Ist doch blanker Internet Betrug sowas!


> Bestätigungs-E-Mail-Ticket-Nummer: SP338-634
> Lotterie Euro / Internationalen E-Mail-Programm Gewinnspiele
> Dies ist zu informieren, dass Sie Ihre E-Mail-Adresse beigefügt
> Zu einem Ticket-Nummer (SP338-634) gewann den Preis Sum
> ...


----------



## Unregistriert (28 April 2008)

*AW: 750000 € gewonnen !*

Schon mal was von SPAM gehört ?


----------



## Fidul (29 April 2008)

*AW: 750000 € gewonnen !*

Klassische Nigeria-Lotterie.

So ganz ungefährlich ist das aber für die Mugus auch nicht mehr: http://news.bbc.co.uk/2/hi/europe/7353003.stm

Vielleicht sollte ich dem guten Herrn Sanchez mal mitteilen, daß ich die Nummer seines Prepaid-Handys an die spanische Polizei verpfiffen habe.
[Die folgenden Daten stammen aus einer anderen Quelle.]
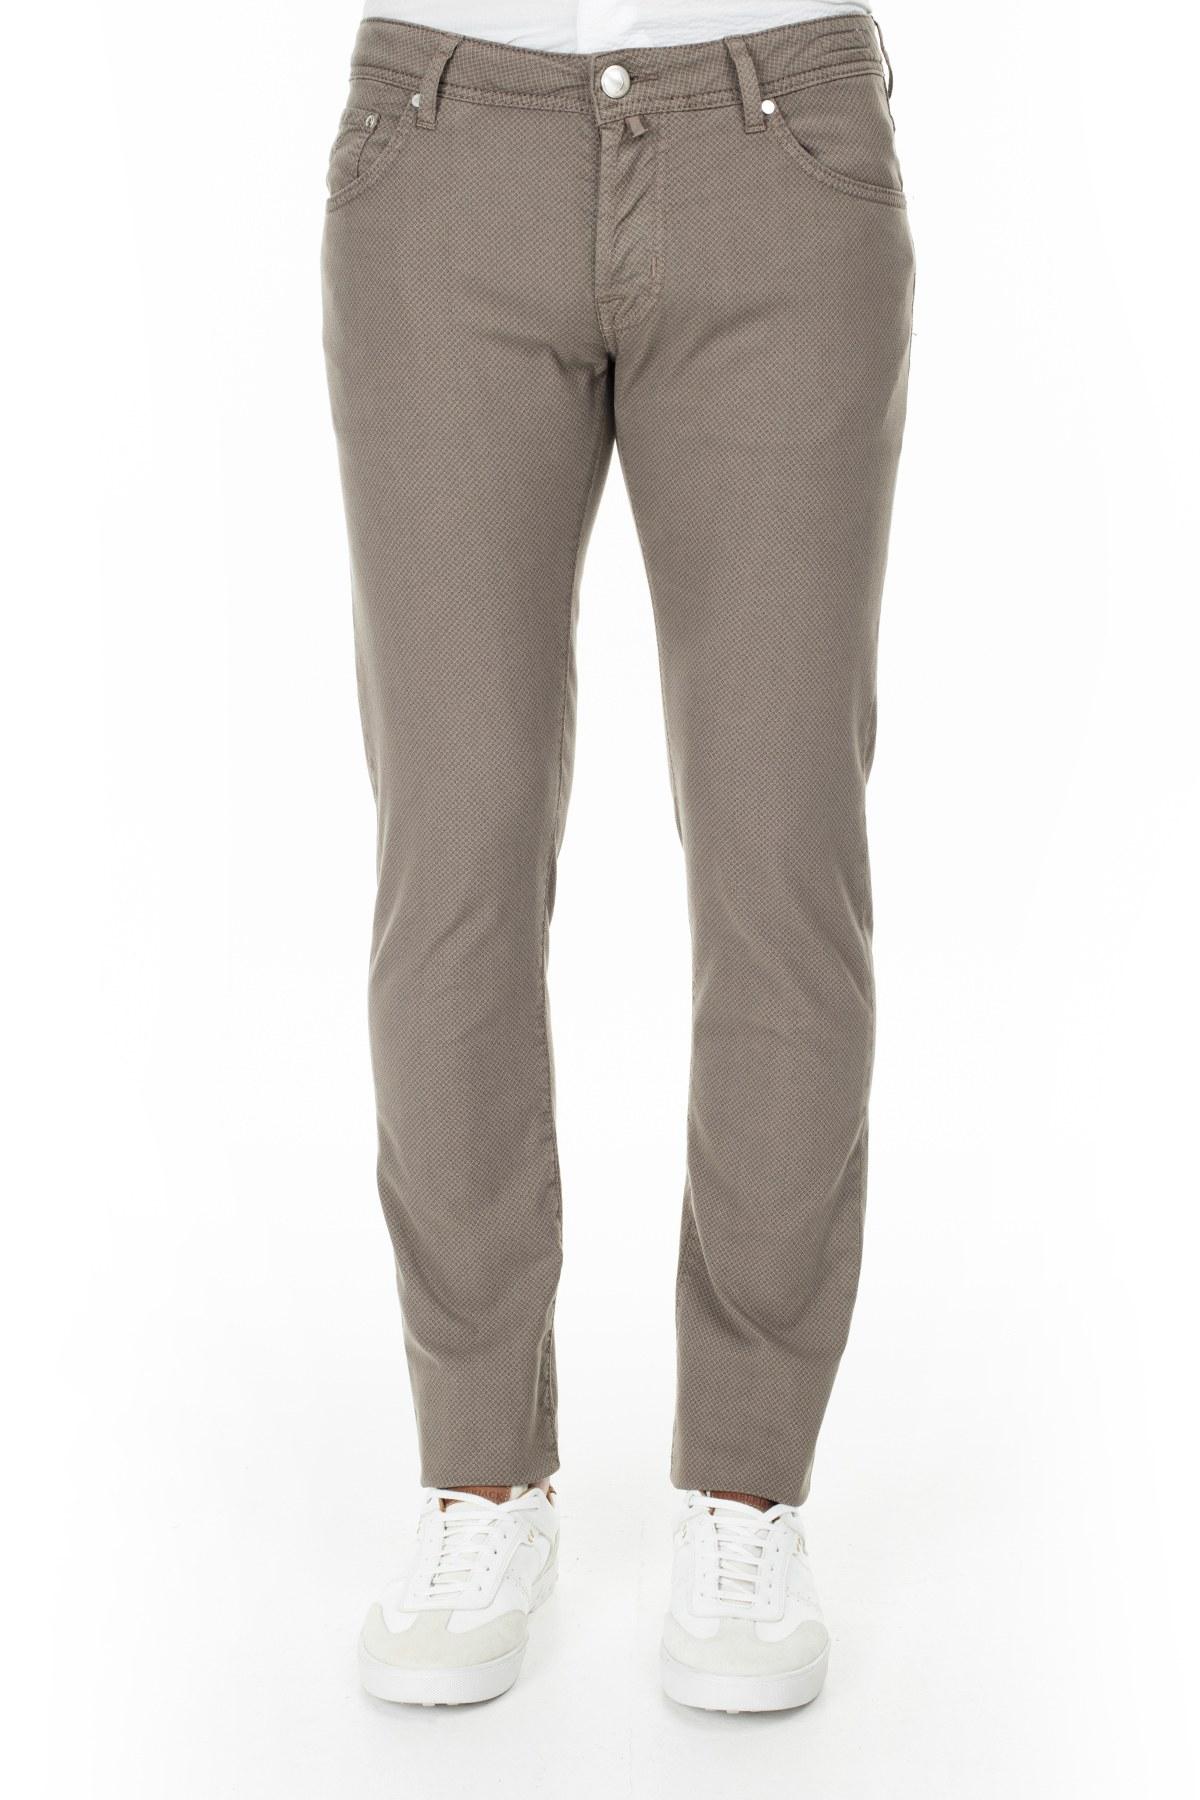 Jacob Cohen Jeans Erkek Pamuklu Pantolon J622 SLIM 1838S 308 KAHVE

Spaß muß sein.
:sun:


----------



## Fidul (2 Mai 2008)

*AW: 750000 € gewonnen !*

Oh, da hat der "spanische" Lotteriefritze aber schön auf Igbo geflucht. :scherzkeks:


----------



## Unregistriert (13 Juli 2008)

*AW: 750000 € gewonnen !*

Hallo habe die gleiche mail bekommen !! Ich weiß net recht ! Kann man die summe nicht einklagen ?? Ich hab da mal was im Fernseh gesehen weiß aber nicht ob das über Spanien oder wo der Herkommt geht!!


----------



## blizzy (13 Juli 2008)

*AW: 750000 € gewonnen !*

Kannst es mal versuchen. Sofern du herausfindest, wen oder was du verklagen kannst.


----------



## Antiscammer (13 Juli 2008)

*AW: 750000 € gewonnen !*

419er - Antispam.de

Einen schwarzafrikanischen Gangster in Spanien wirst Du kaum wirksam auf Herausgabe des Lottogewinns verklagen können. :scherzkeks:


----------